Backer: In laminated flooring the bottom layer is called backer layer or balancing layer and is usually made from a resin-impregnated Kraft paper. The backer is designed to be the same weight as the wearlayer to provide balance and stability. If the backer is lighter or heavier than the wearlayer, the boards will cup or bow after installation and cannot be repaired.
Balanced Construction: A panel construction that has materials of similar properties bonded to both sides of the panel.
Base Shoe: Similar to quarter round in profile, it is a molding designed for attaching to a base molding to cover the expansion space.
Bastard Sawn: Lumber (primarily hardwoods) in which the annual rings are at an angle of 30 to 60 degrees of the lumber surface.
Beveled Edge: (See eased edge)
Blocks: (See Parquet Floor Squares)
Board-foot: A unit of measurement that is represented by a board 1 foot long, 1 foot wide, and 1 inch thick or its cubic equivalent. In practice, the bard foot calculation for lumber 1 inch or more in thickness is based on the nominal thickness in width and the actual thickness in length. Nominal thickness of lumbers less than 1 inch is calculated as 1 inch.

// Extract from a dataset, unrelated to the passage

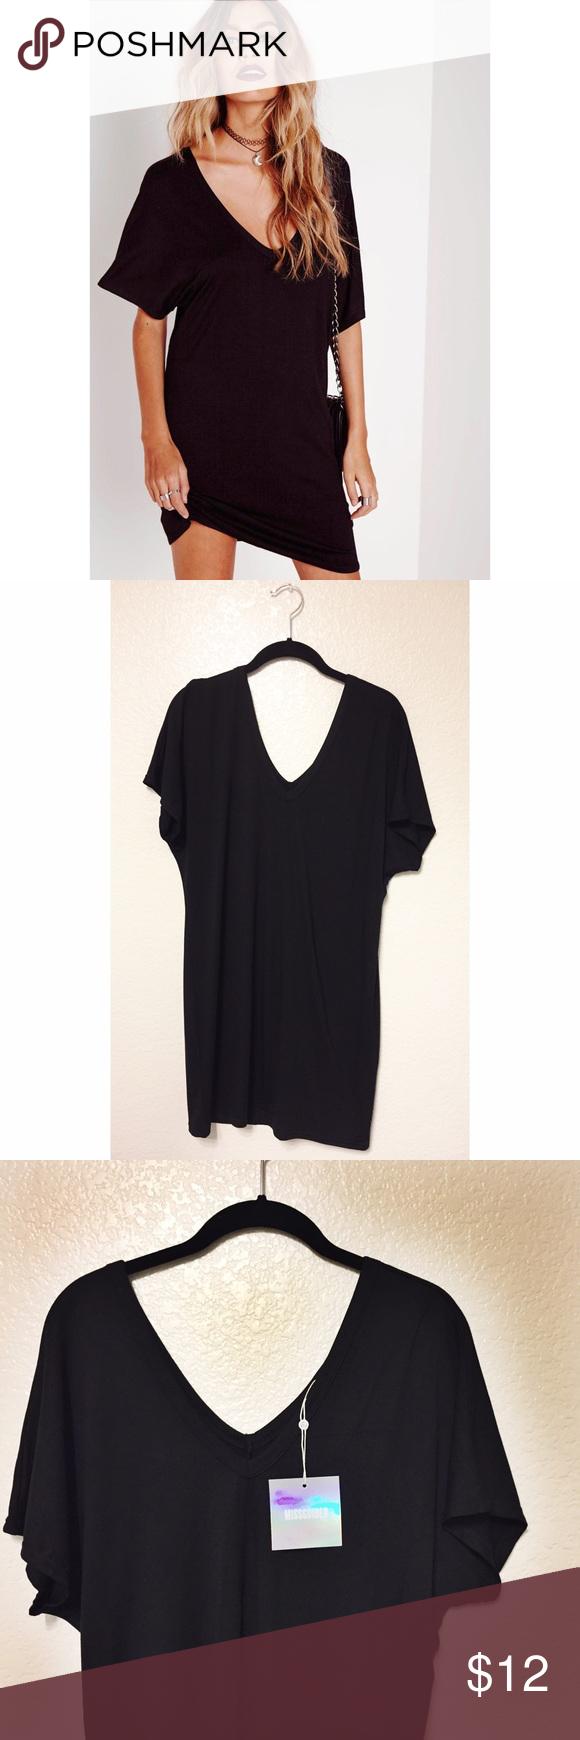 6490d9b25c Missguided Wide V Neck T-Shirt Dress (Black) Comfortable

Bow: In lumber the distortion in which there is a deviation, in a direction perpendicular to the flat face as measured from a straight line from end to end.

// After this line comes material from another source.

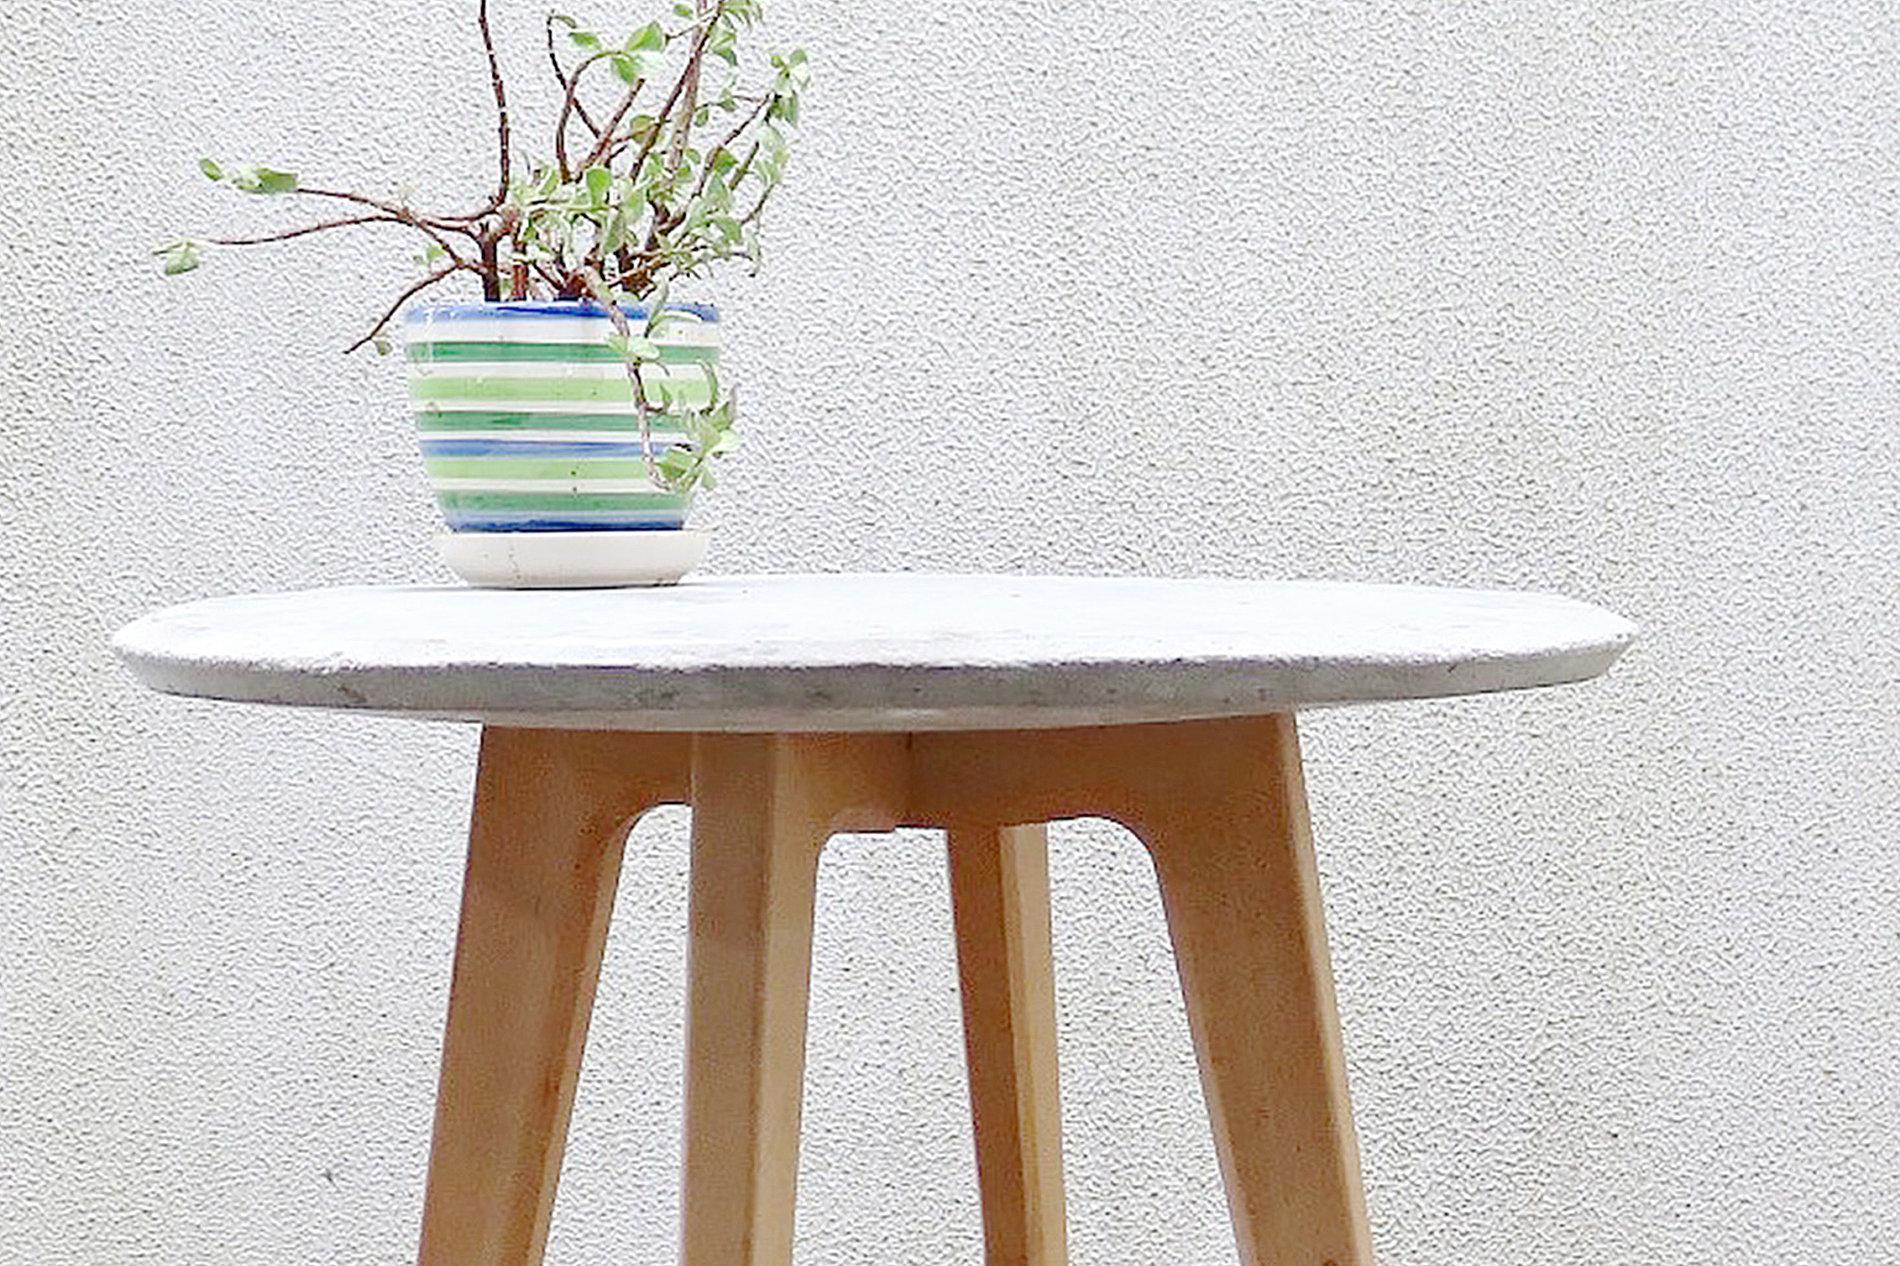 Splicing Furniture | Red Dot Design Award

Burl: A swirl or twist of the grain of the wood that does not contain a knot but usually occurs near a knot.
Chatter Marks: Slight indentations that cause a ripple effect on the surface of the wood floor. They are usually caused by a sanding machine that has an out-of balance drum, bad drive belts or a foreign object stuck on the wheels. Chatter marks are most noticeable on gloss finishes in areas with direct or side lighting and at eye level.
Chemical Resistance: The degree to which a material resists visual or physical degradation from exposure to various household and/or industrial chemicals.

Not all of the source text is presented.